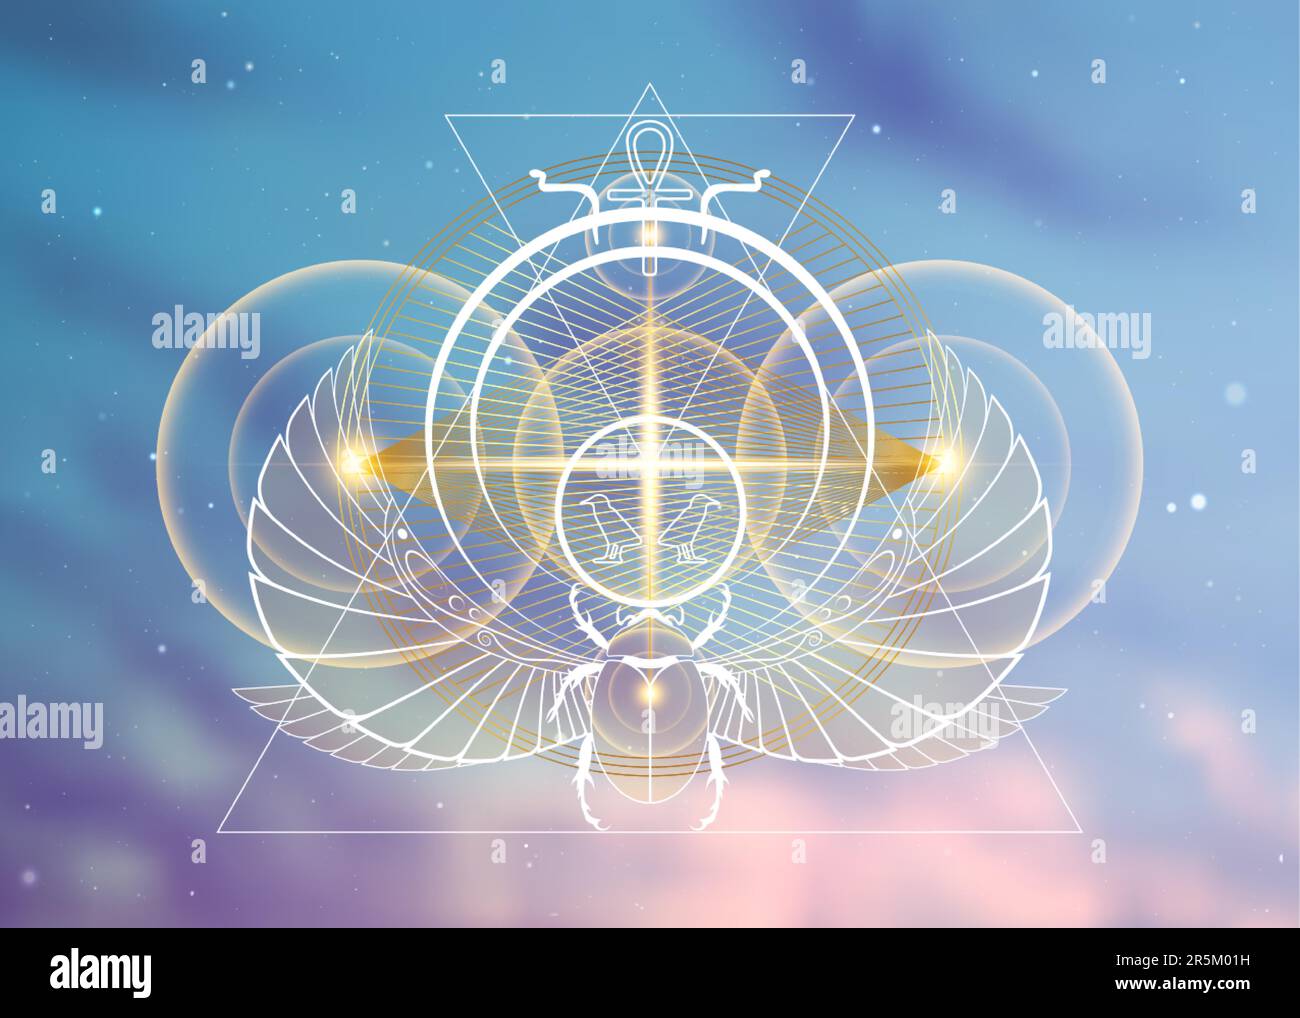 Geometria sacra planetaria egiziana, sovrapposizione delle linee d'oro scarabeo, forma a triangoli su cerchi. Orbite dell'energia divina. Alchimia, magia, esoterica Illustrazione Vettoriale
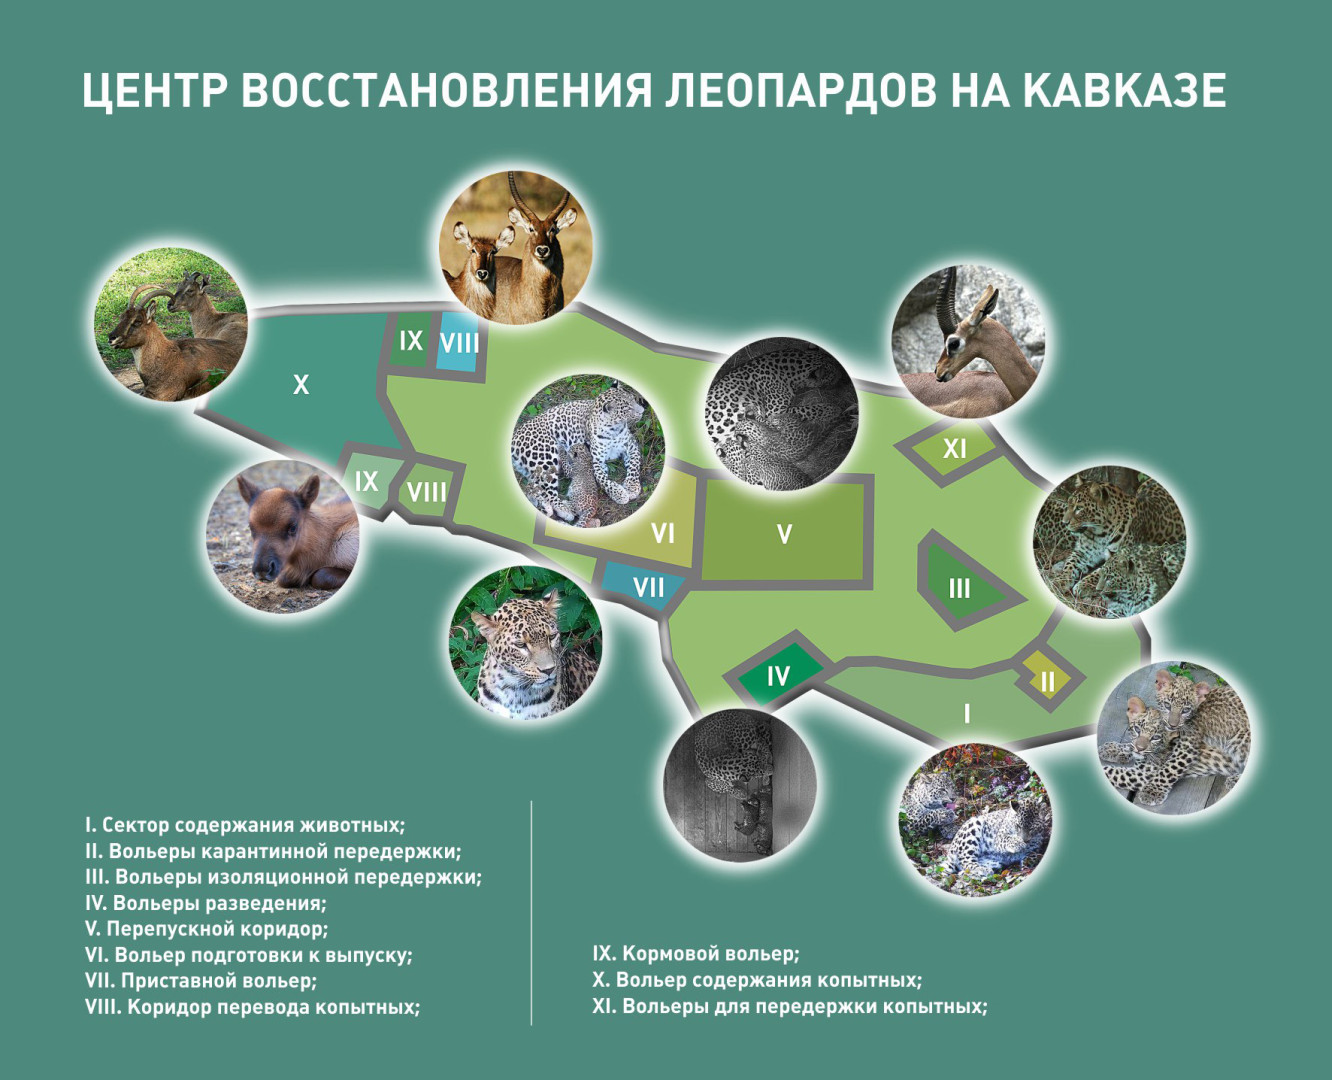 Схема Центра восстановления леопардов на Кавказе
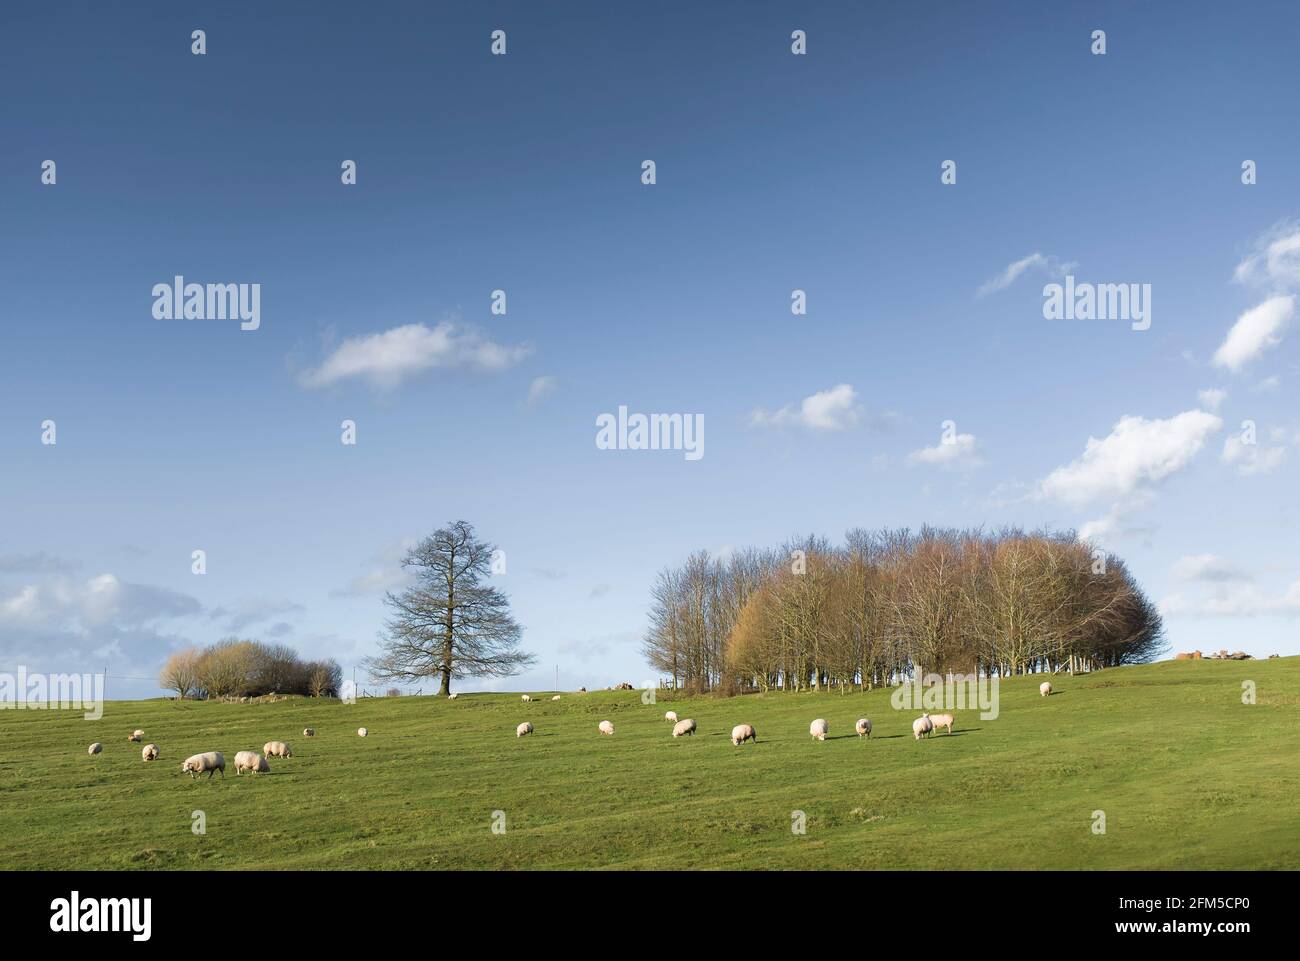 Royaume-Uni agriculture, scène agricole. Moutons dans le champ en hiver (février), avec arbres sur une colline et ciel bleu. Buckinghamshire, Angleterre Banque D'Images

Assigned task:
Every line of the material above must be written out exactly, with no pictures.

Response box:
 Geometria sacra planetaria egiziana, sovrapposizione delle linee d'oro scarabeo, forma a triangoli su cerchi. Orbite dell'energia divina. Alchimia, magia, esoterica Illustrazione Vettoriale
 Схема Центра восстановления леопардов на Кавказе
 Royaume-Uni agriculture, scène agricole. Moutons dans le champ en hiver (février), avec arbres sur une colline et ciel bleu. Buckinghamshire, Angleterre Banque D'Images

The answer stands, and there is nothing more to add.